Track1 * Track2 * ... * TrackN = Local Transform = T * R * S

So both systems hit the *exact* same pose (within the usual floating point tolerance) at each keyframe. The question is now what happens between the keyframes when we interpolate. What we will get will depend on many things. If your animator is using Euler keyframes for rotation and you export as quaternion the results will be different. If you don't fit the exact same curve as Maya (or any other tool), your result will be different. Good looking animation is about hitting strong expressive keyposes which I do and it is what the animator ultimately is authoring. The more I think about it the less understand the benefit of what you are suggesting. What is the problem your system solves for a run-time animation system? Maybe with an example...

 

 

Advertisement
23 hours ago, Dirk Gregorius said:

I think it will much easier for the OP as a first step to simply iterate each frame over each bone in the skeleton and export the local transform similar to what I have shown above for the skeleton. 

Here is an example  how to read an animation from an FBX file. It is the simplest I can come up with to give the OP the basic idea. It will give you the frame rate and length of the animation clip and the keyframes as an array of poses. 

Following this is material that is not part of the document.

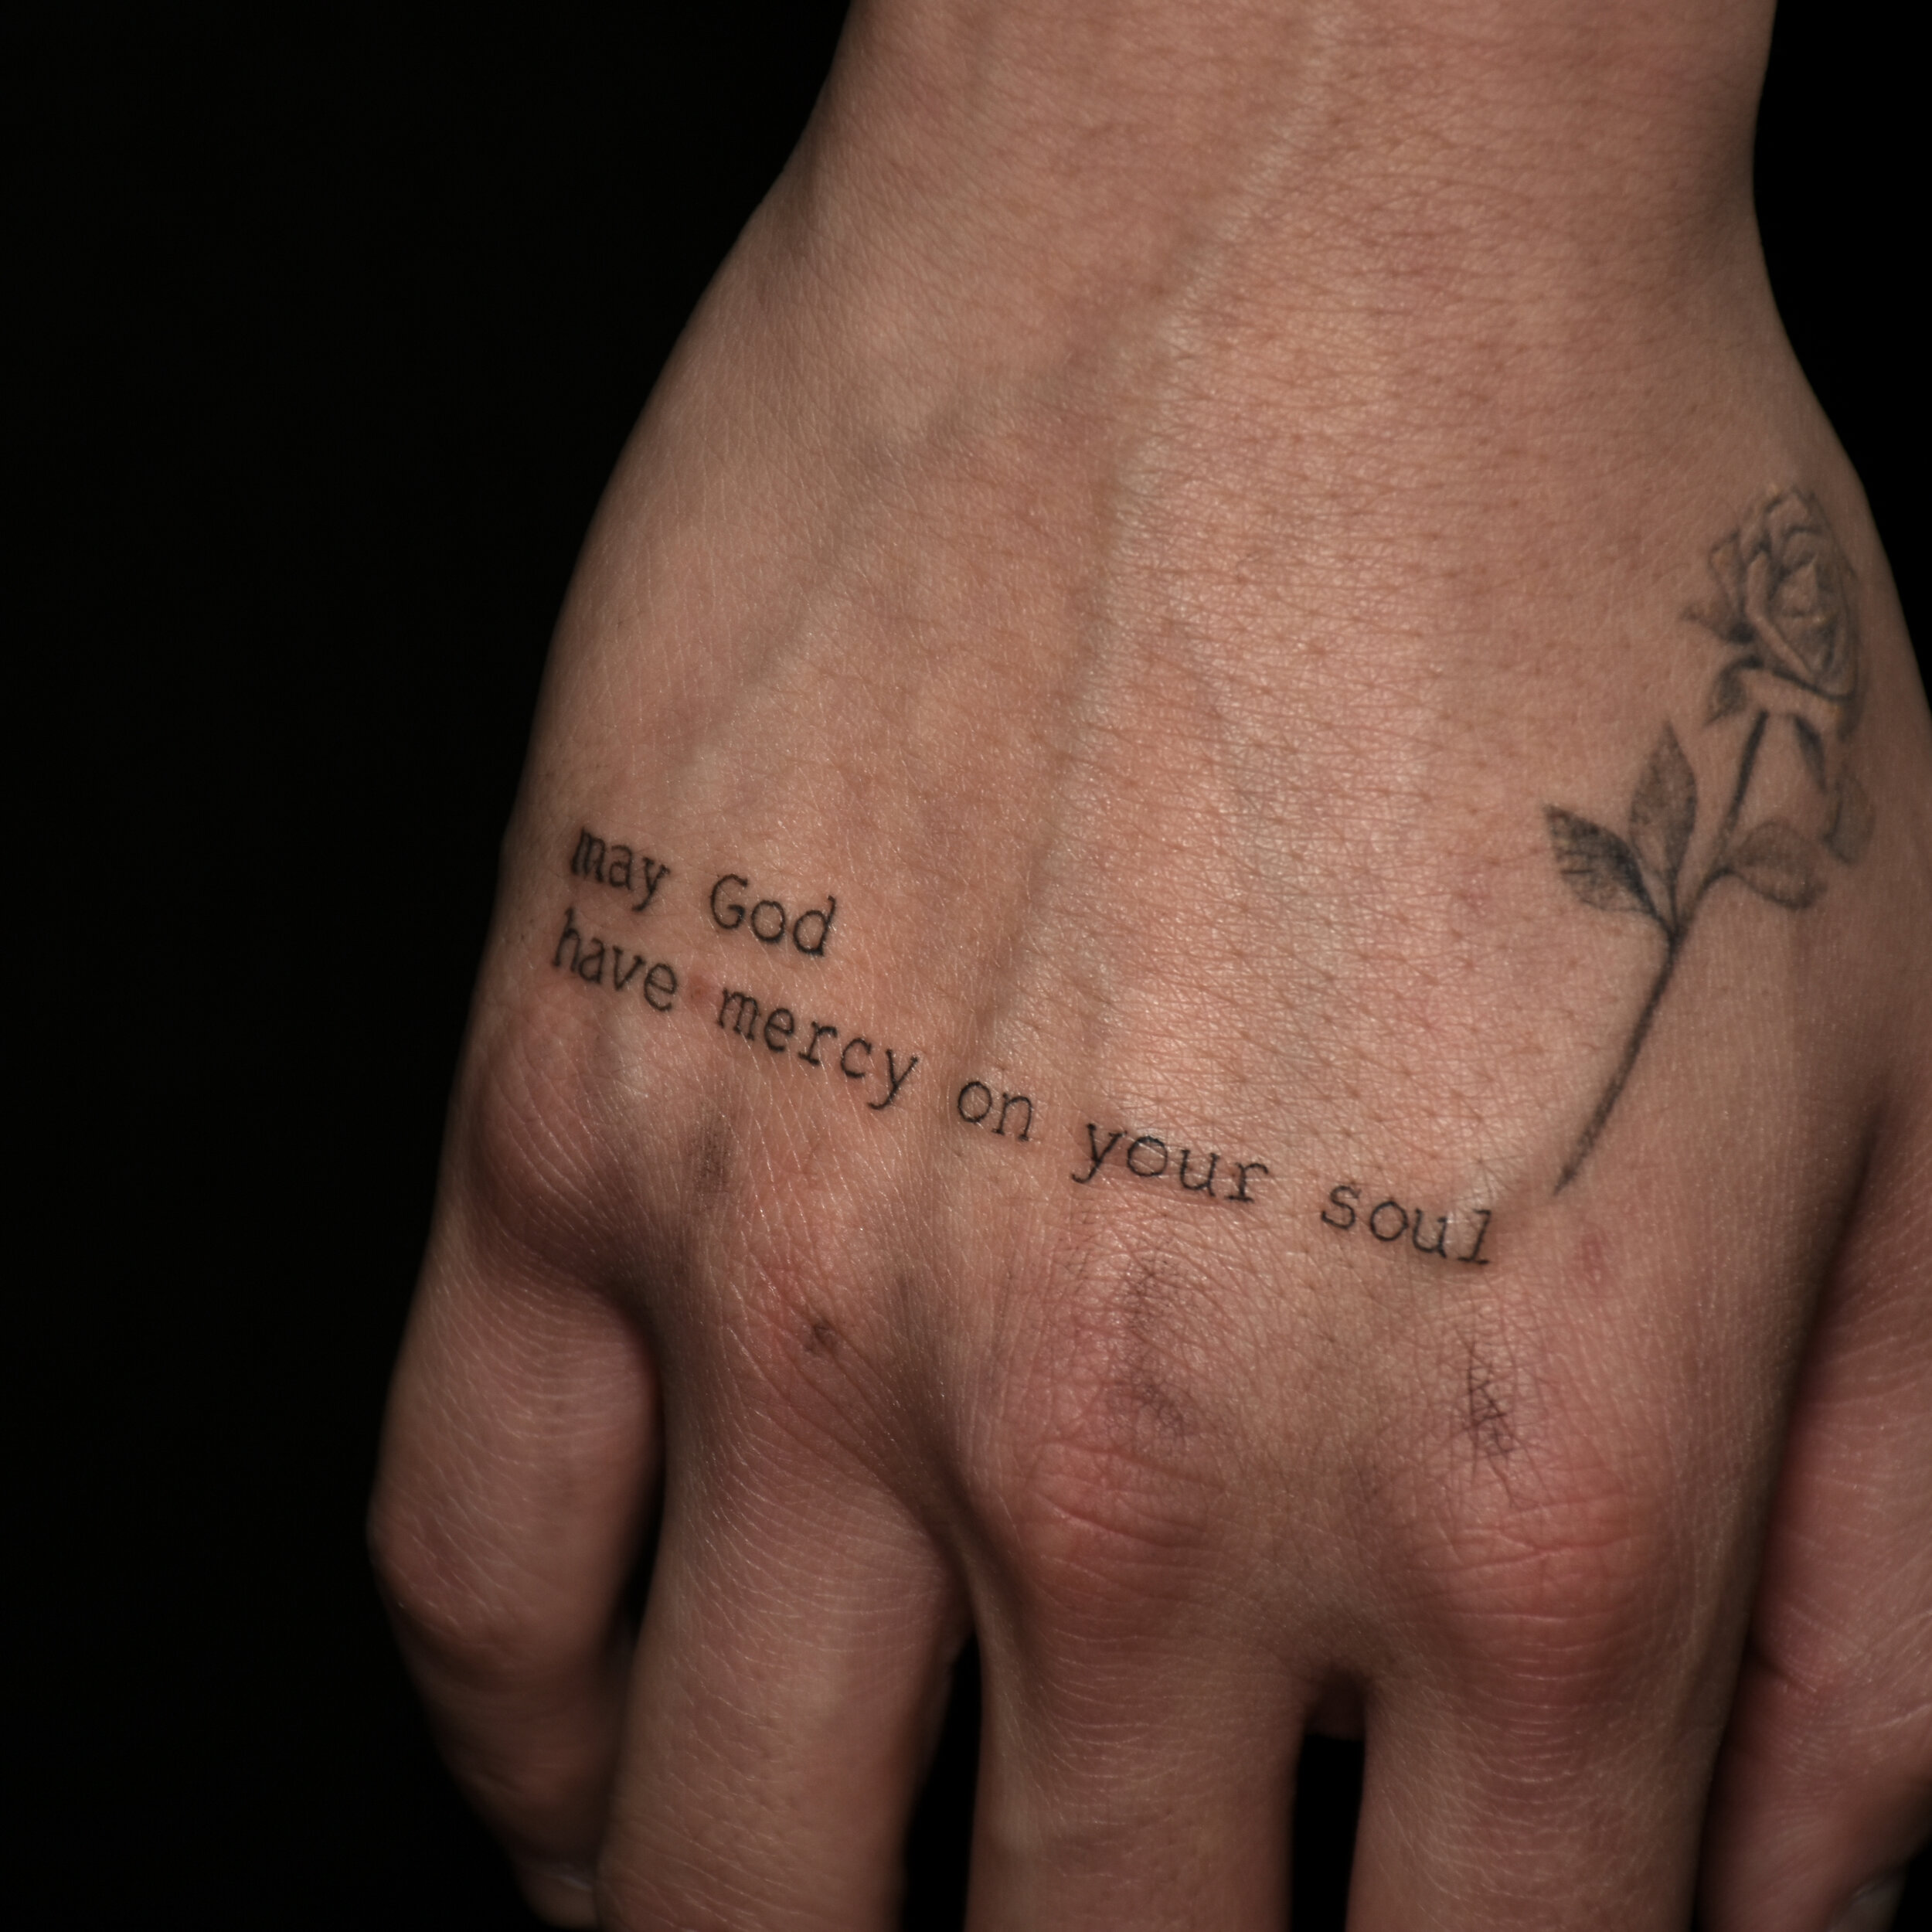 Script tattoo by Katt
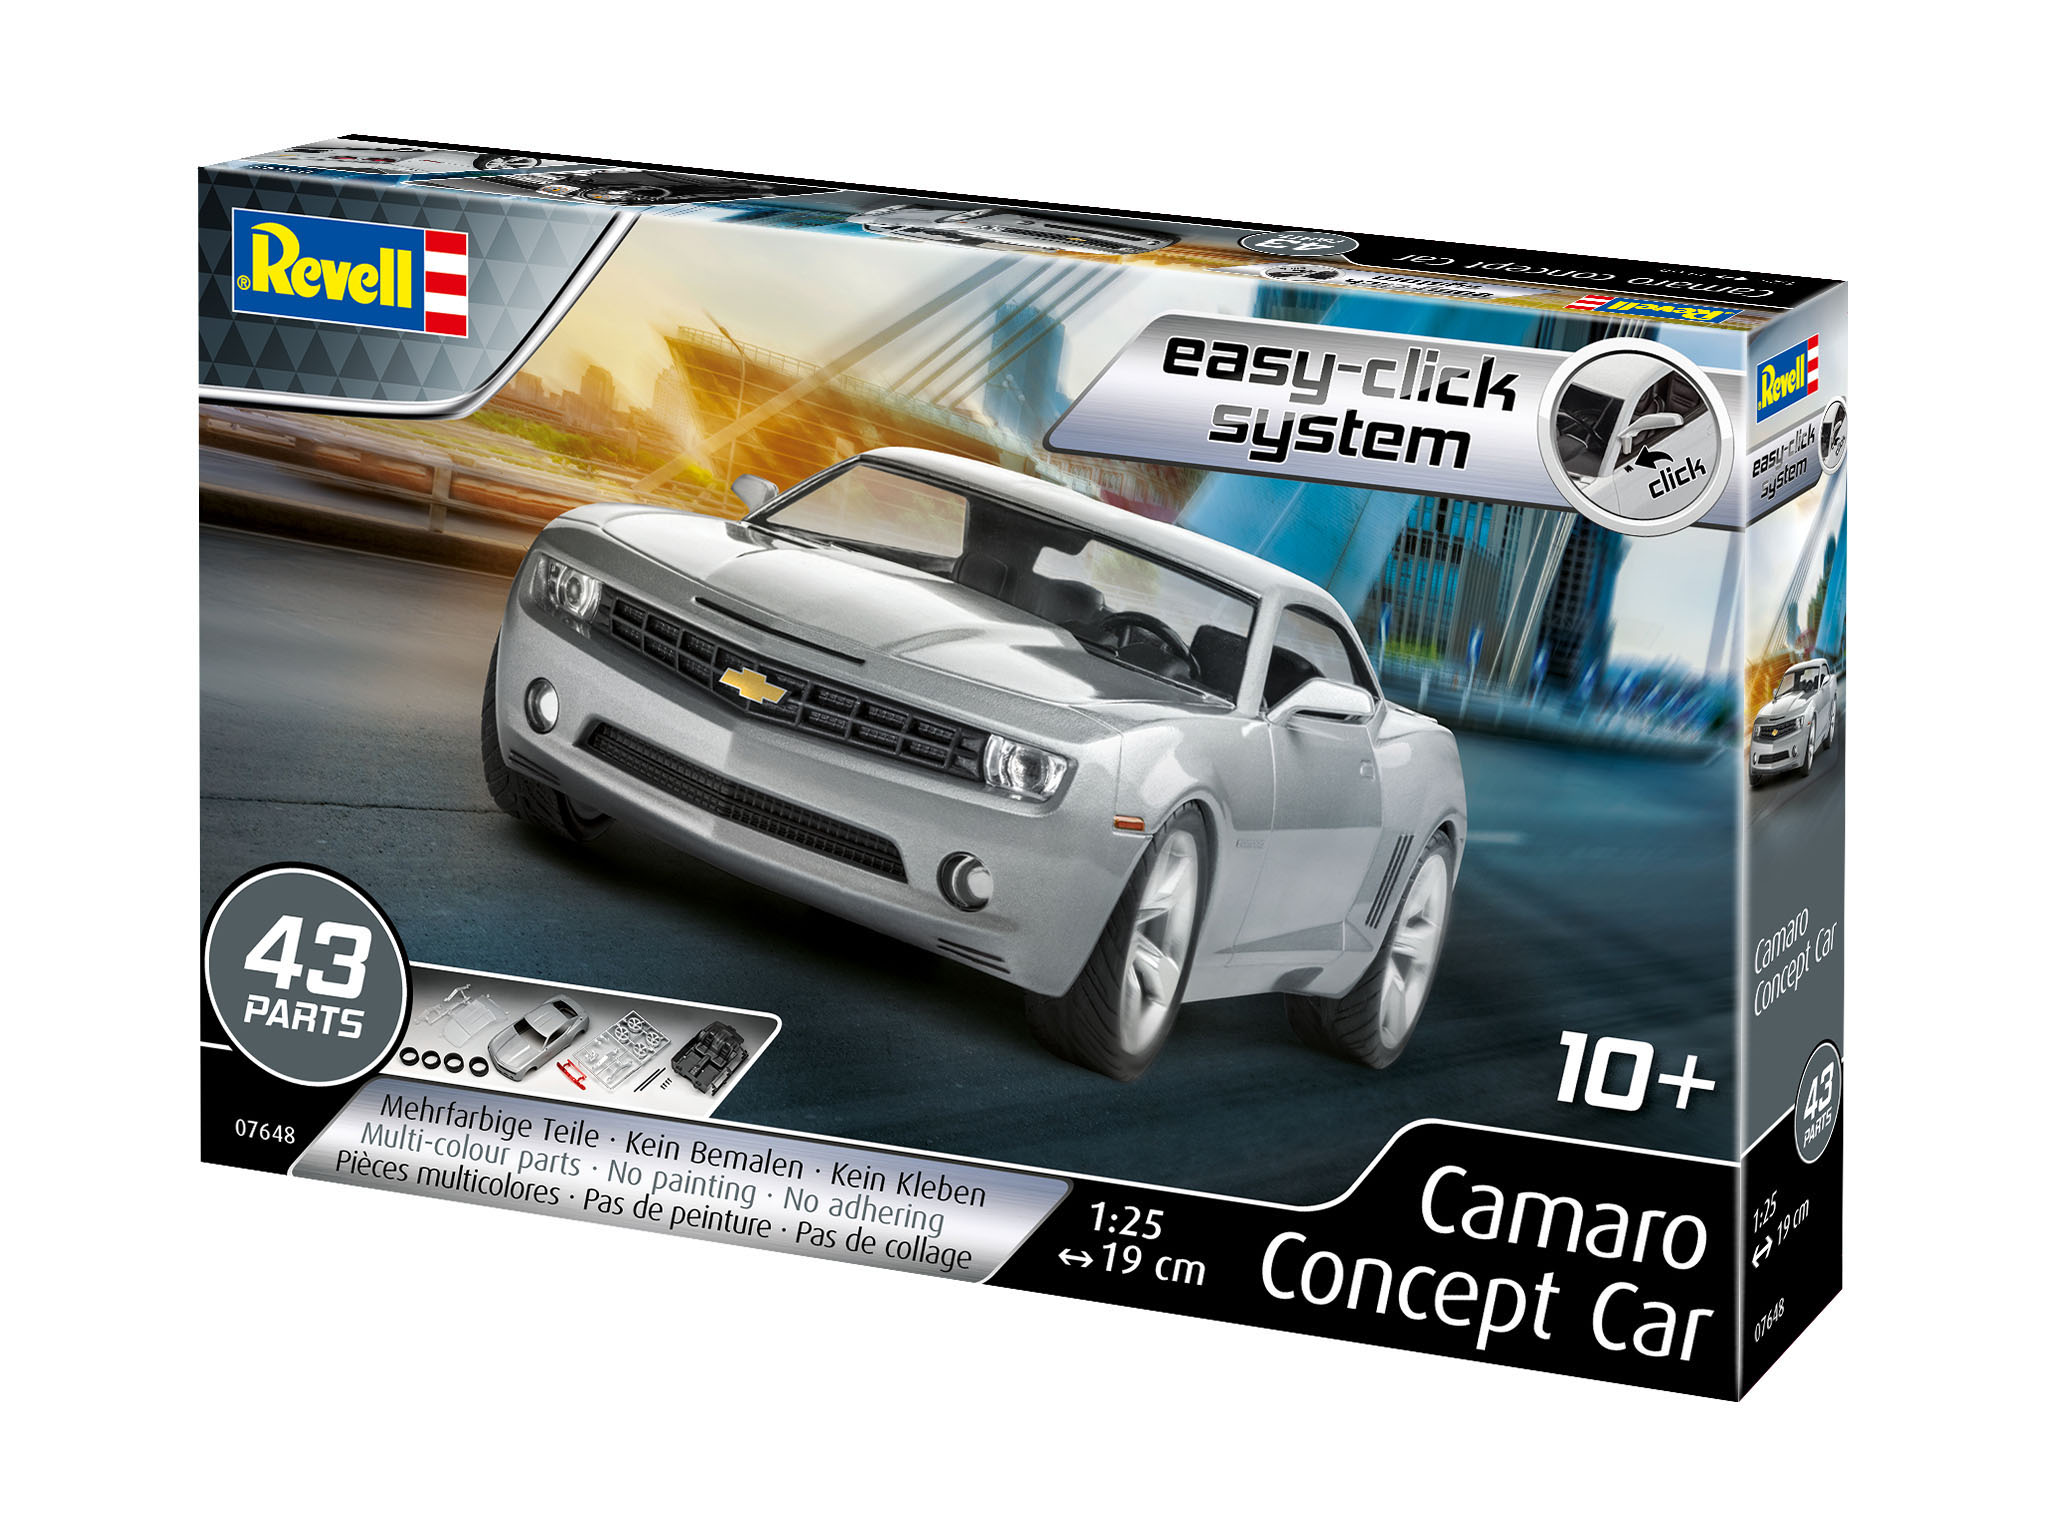 Camaro Concept Car - 07648

void RnAnimation::Read( FbxScene* Scene, FbxAnimStack* AnimStack, const std::vector< FbxNode* >& Nodes )
    {
    
    }

 

Thank you for your feedback. I checked your results against my previous results from my first foray into FBX and they somewhat match except that my old code is a lot more bloated. I notice you didn't mention anything about a bindpose or comparing against a bindpose to actually get the mesh to move in the viewport which brings me to some questions: 

 

I assume I'll be recomposing the vector4 T/R values to get my Model matrix at runtime...looking at my XML file how would I approach doing that when I have so much data? Do I need to compare against a bindpose? I wrote into the XML the decompT/R per joint per frame. In my .abjmesh file I have pos/uv/tan/normal/boneIdx/boneWt information for each vertex. This example mesh rig animation is just half a torso rotating a shoulder up and then to the center like in L. Spiro's example but over a 50 frame duration animated at 24fps.

 

To sync with the game loop I need the delta time per frame like L.Spiro said, but how do I stay in sync with reading from my XML file if things get heavy and bogged down ? Do you have any next steps after your previous example? I made this XML file from reference from the TLang1991 tutorial.

2vdo3eu.jpg

The bind pose is usually the transform of the exported skeleton. You can also get the bindpose from the FbxClusters, but it should only rarely be different from your skeleton pose in the model. So my two code samples will give you the pose of the exported skeleton and the animated poses. At run-time you now can create poses for the skeleton. In a first step I would simply animate and render the skeleton. That should be pretty simple, but will give you confidence your data is correct. The next step is then binding the skeleton to your mesh. This is called skinning. The skinning information is stored in so called FbxCluster which you get from the FbxMesh. The simplest approach to deform the mesh using skinning is something like this:


std::vector< Vector > VertexPositions;
std::fill( VertexPosition.begin(), VertexPositions.end(), Vector::Zero );
  
for ( each Cluster )
{
    // You need to associate clusters wit bones (usually done by name and then by index at run-time)
	Matrix Transform = Pose->GetBone( Cluster ) * Inverse( Skeleton->GetBindpose( Cluster ) );
    
    for ( int Index = 0; Index < Cluster->GetVertexCount(); ++Index )
	{
  		int VertexIndex = Cluster->GetVertexIndex( Index );
  		float VertexWeight = Cluster->GetVertexWeight( Index );
  
  		VertexPositions[ VertexIndex ] += VertexWeight * Transform * Mesh->GetVertexPosition( VertexIndex );
	}
}

 

For skinning you have two options. For each cluster (bone) you store the vertices and weights it influences. Games do it often the other way around. For each vertex your store the bones and weights. The later is better for GPU skinning, though I don't know if this is still true now we have all these different shader stages. Maybe someone else can answer this. Let me know if this helps. I can dig up some code using real FBX examples.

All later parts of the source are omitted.